Australian Couple Denied Their Freedom to Marry

From Full Marriage Equality:
[I and my brother] are both in our late thirties, Caucasian, and live in Australia. [...] [We both] come from middle income families with many brothers and sisters, some half, some full and some through our adoptions. [...] I was married for a long time. The relationship dissolved on good grounds. It wasn't long after the marriage end that our relationship started. We live with my children.
[...] We had no contact growing up after we were given up for adoption. I was a preschooler and he was a toddler when we were put in a children’s home. We didn't meet again until our late teens when the adoption laws in Australia changed and allowed us to find each other.
[...] [Our becoming involved] was definitely a sudden event from my point of view. He says that he had been thinking about it and fantasizing about it for a while. He made the first move in my opinion, but he likes to remind me that I didn't argue with him. We had both probably had a few too many drinks that night which helped to let our guards down. My memory of the night is a little more sketchy than his as I don't really drink. [...] [I felt n]ervous, curious and excited. I wanted to touch him and much as he did me. To feel the closeness that we were both looking for at the time. [...] Legally we both knew that it shouldn't be happening. It has never felt wrong. When we are together it just feels right.

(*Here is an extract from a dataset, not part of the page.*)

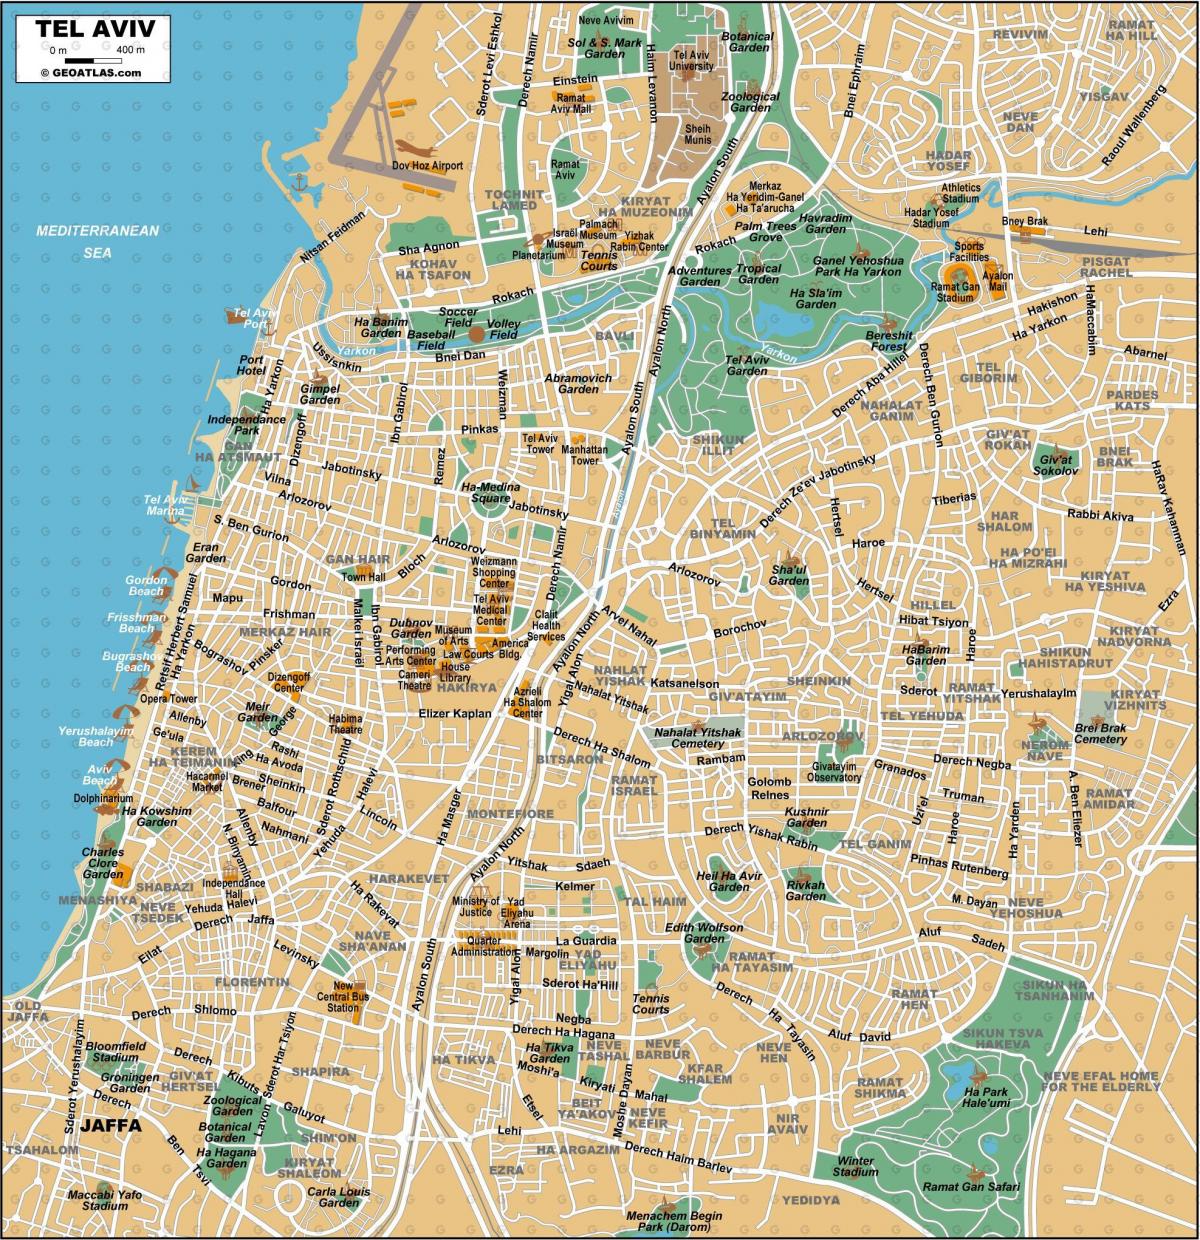 Mapa do centro da cidade de Tel Aviv

[...] [We've b]een 'together' five years committed to each other for three and living as a married couple for the past year. He is my brother, best friend, partner, lover and the only person on the planet that can push me to the point that I want to strangle him while I am curled up on his chest. I can't imagine being without him and he has said me to me that we would run away if we had to. [...] I am the same to him as he is to me. I am his rock and he is mine.
[...] One friend found out at a rather difficult moment of my life. She didn't take it well. She had always hoped that they could have a relationship. She had always had a crush on him and had a one night stand once. She threatened to call child protection and the police. I had to convince her that it wasn’t going on and now don't speak to her anymore. As for family they have had their suspicions but have never had any proof. No one knows us as a couple and we don't tend to be able to go away as I am primary caregiver of my kids.
[...] The disadvantages are huge, such as the inability to behave like a normal couple around family and friends, and not being able to tell people how happy you are. The family are constantly telling us that we should find ourselves someone special, that we don't want to be alone all our lives. You can tell them a thousand times that you are happy but they just say 'yes right now you are but what about later on?' On the flip side I think that the advantage is the level of trust. We know each other better than we know ourselves some times. He has my back and I have his. We protect each other from the outside world.  Our bedroom is our bubble. No one can hurt us in here. 
[...] I am neither the prey nor predator and nor is he. We are both very willing participants. If people disapprove that is their business. We don't impart our beliefs on their lives so they can butt out of ours. We don't ask for their opinions or permission. Nor do we push our choice on anyone else.
[...] One day we would like to 'run away' i.e. create some distance so that we can try and live a somewhat normal existence. TRAVEL!!! He once told me that he looks forward to walking around Venice, holding my hand and kissing me if he chooses to without fear of being caught. I can't wait to feel that sort of freedom.
[...] You can't always choose who you fall in love with, who makes you feel safe and sexy, who you can't be without, who you would move heaven and earth for, who you would give your life for. We can't change how we feel about each other nor do we want to. Who has the right to tell us that we can't be together?  Does anyone have the right to make us miserable by forcing us to live separate lives?  What is anyone going to gain from that?  I love him with all of my being and he loves me with every thing he has.  That's all that really matters.